Typical integrated circuits contain an array of transistors which are covered by layers of dielectric through which conductive lines run. Illustratively, these conductive lines may be made from aluminum with conductive underlayers and conductive overlayers of other materials. Typical fabrication processes involve the blanket deposition of aluminum layers, i.e. by sputtering. (As just mentioned, other conductive layers may be deposited prior to the aluminum layer and subsequent to the aluminum layer.) The aluminum layer, together with any underlayers and overlayers, is patterned by lithographic methods known to those of skill in the art to create conductive lines.
Each integrated circuit manufacturer has one or more processes or recipes for the formation of metal runners, such as aluminum, with its associated underlayers and overlayers. Each recipe may include sputtering times, metal composition, temperatures, thicknesses, etc.
Those concerned with the development of integrated circuits have, however, noticed that apparently satisfactorily manufactured integrated circuits may often fail in subsequent use.
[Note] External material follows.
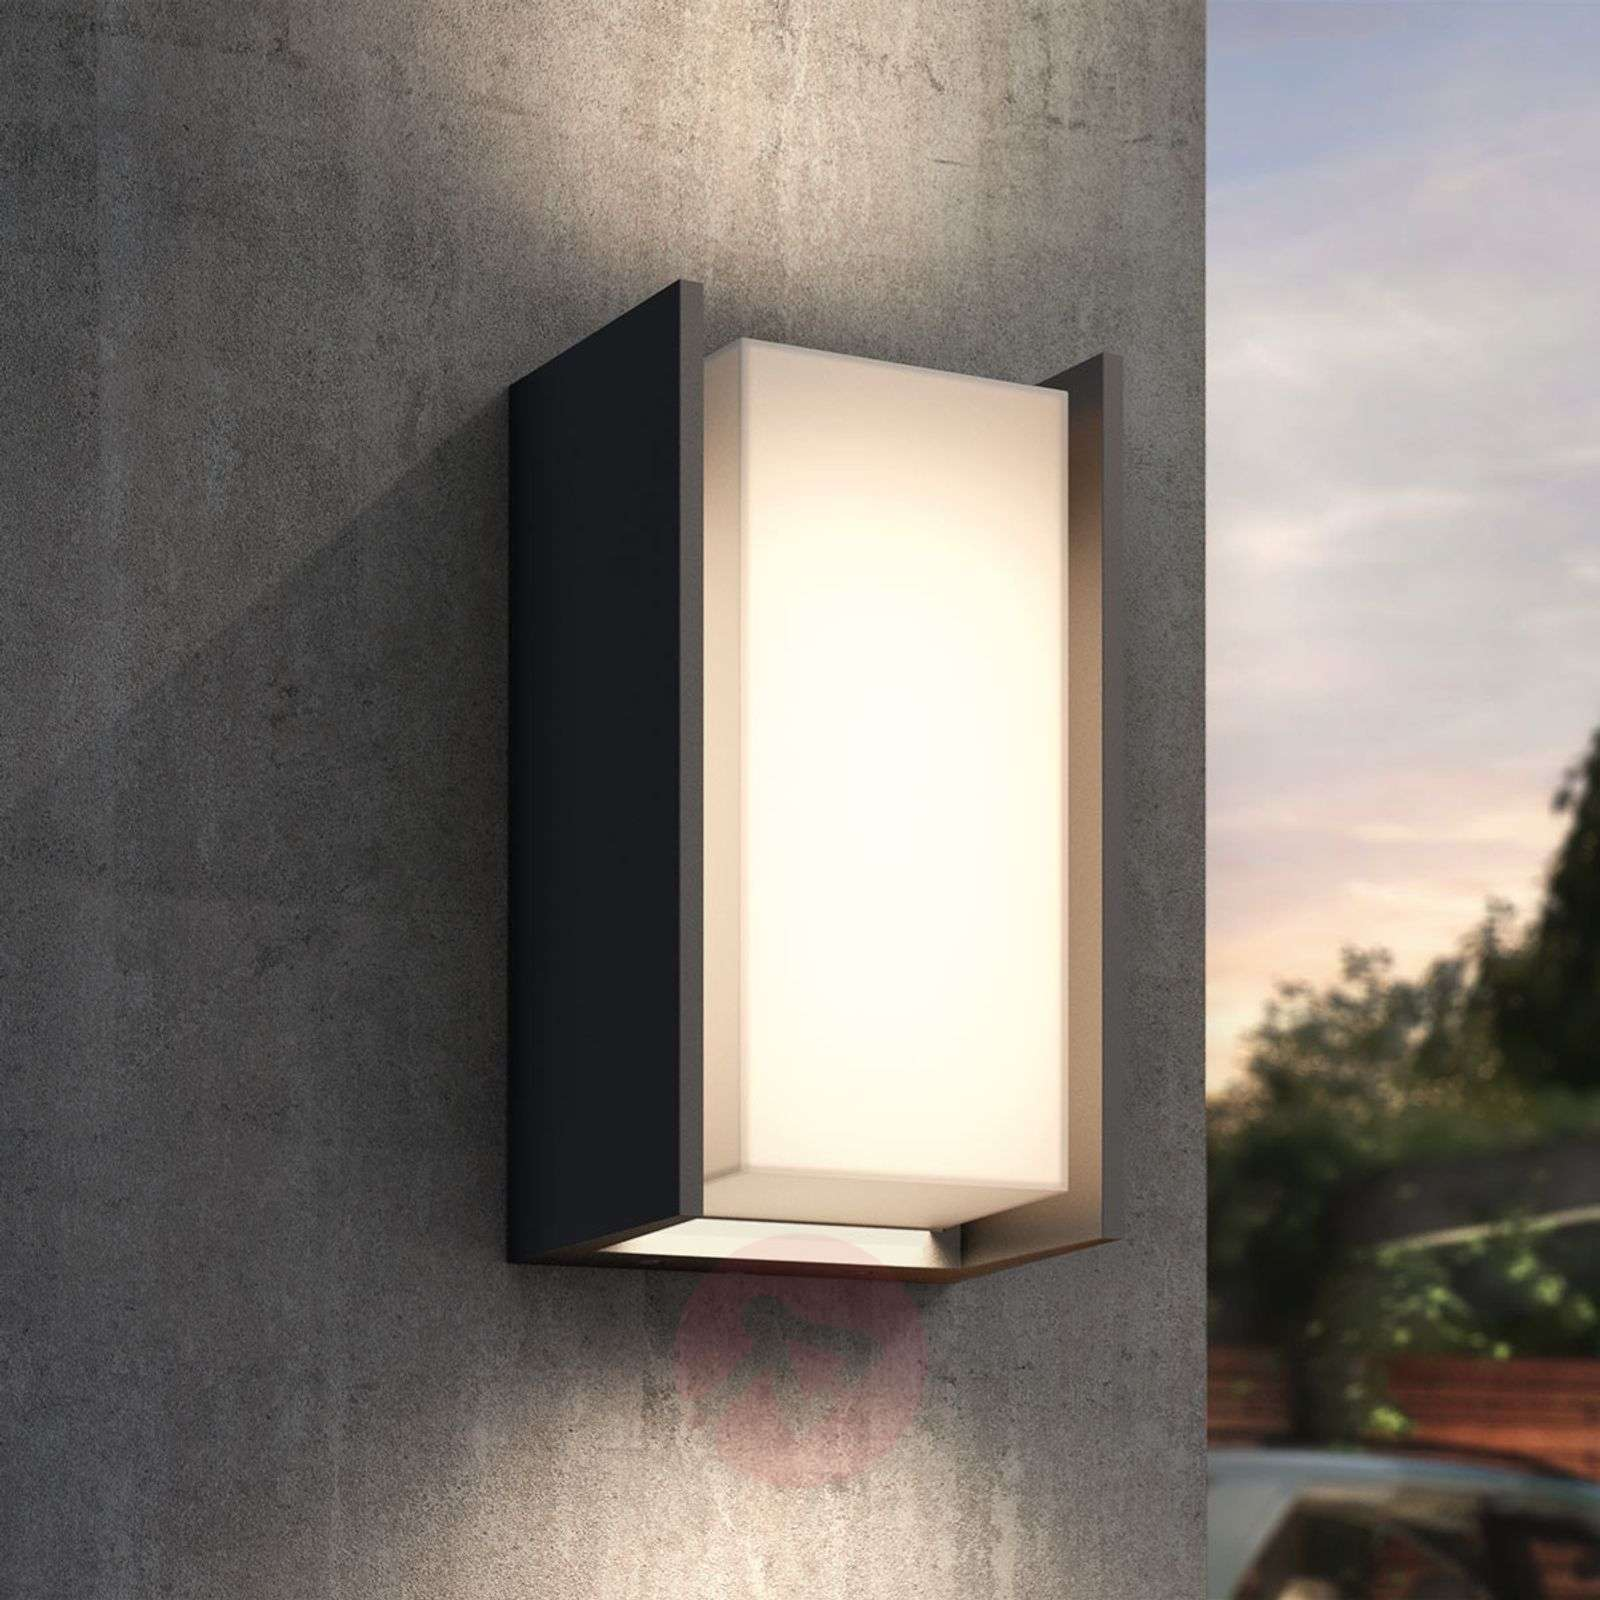 Philips Hue Turaco Led Outdoor Wall Light Lights Ie
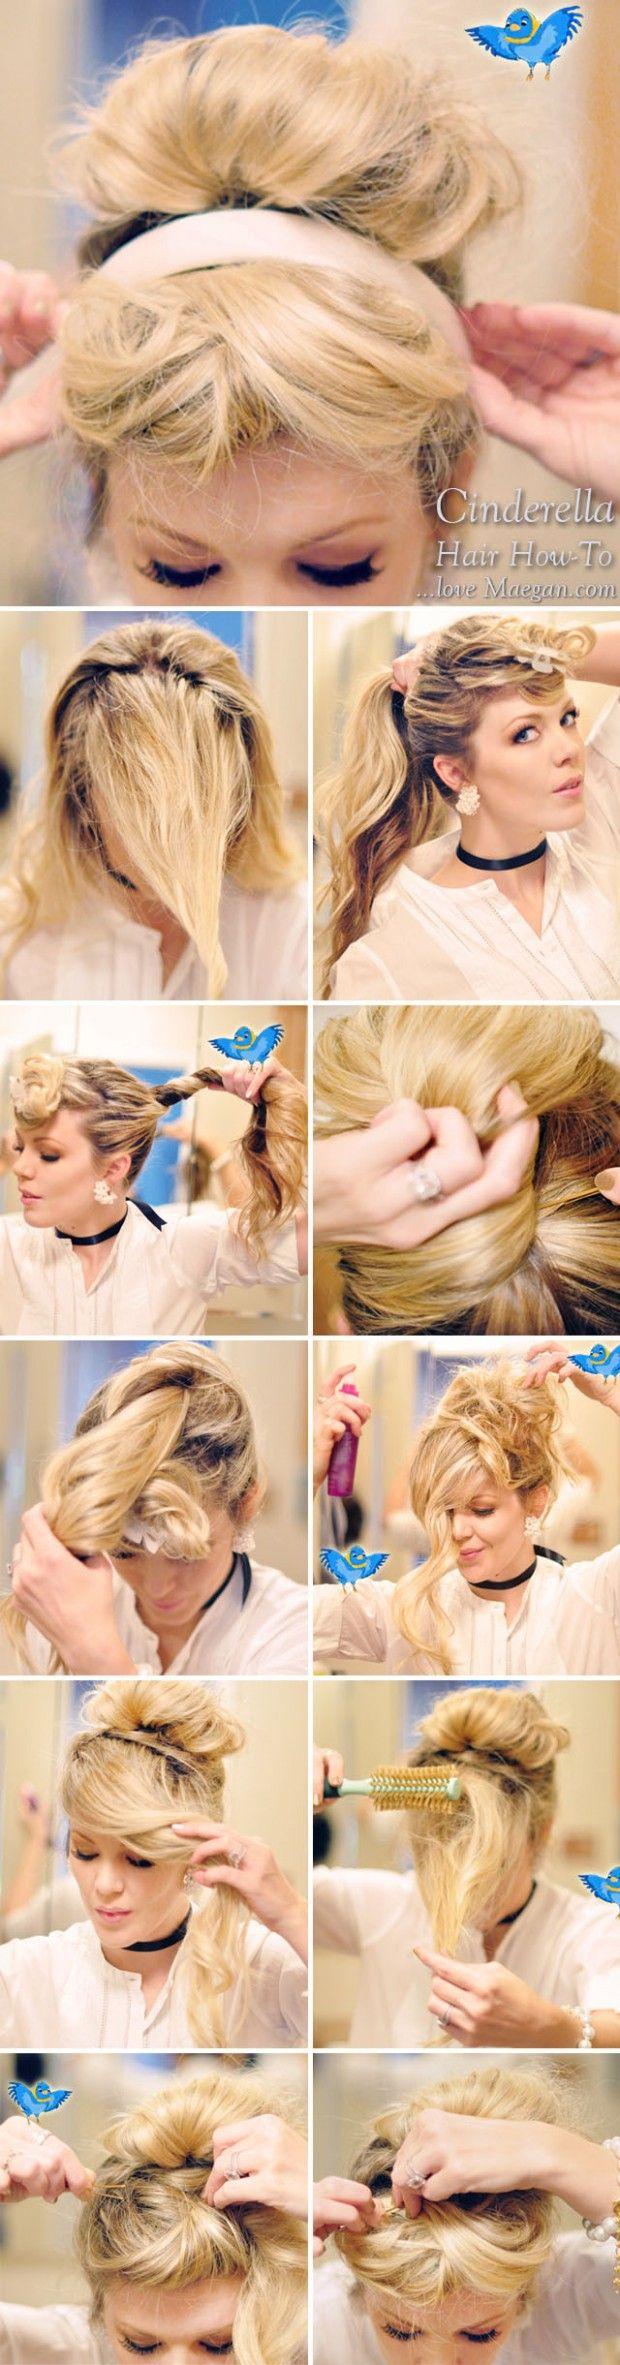 Howto cinderella hair u makeup photo tutorial love maegan

A variety of phenomena are associated with these failures. One well documented failure mechanism is termed "stress migration voiding". Stress migration voiding affects the long term reliability of the integrated circuits. Another factor affecting long term reliability is extrusion of the aluminum runner material. Since the aluminum runner undergoes more compression at the bottom of the runner then at the top, a stress gradient exists and the runner may be extruded near its bottom. Another problem which affects long term reliability is decohesion of the aluminum. Aluminum does not always adhere well to underlying dielectrics such as silicon dioxide. Sometimes underlayers such as titanium or titanium nitride do not assist in adhesion of the aluminum because the titanium oxidizes, thereby destroying its adhesive properties. (Some integrated circuits utilize aluminum fuses which do not have underlayers--decohesion is a particularly worrisome problem for these circuits.)
Long term reliability issues are particularly worrisome to integrated circuit manufacturing process designers because, of course, these reliability failures do not occur until the already-manufactured devices are in field use. Thus, a manufacturing engineer may be confronted with the unhappy prospect of being forced to modify his production process after hundreds or thousands of integrated circuits have been manufactured because those circuits in field use have exhibited long term reliability problems.
Thus, there exists a need to predict where a metal conductor, such as an aluminum runner will fail after leaving the factory; to predict when the runner might fail; and then, to determine how, if at all, the manufacturing processes might be modified to prevent such a failure in the future.
Those concerned with fabrication of other types of perhaps macroscopic metallized structures are confronted with similar problems.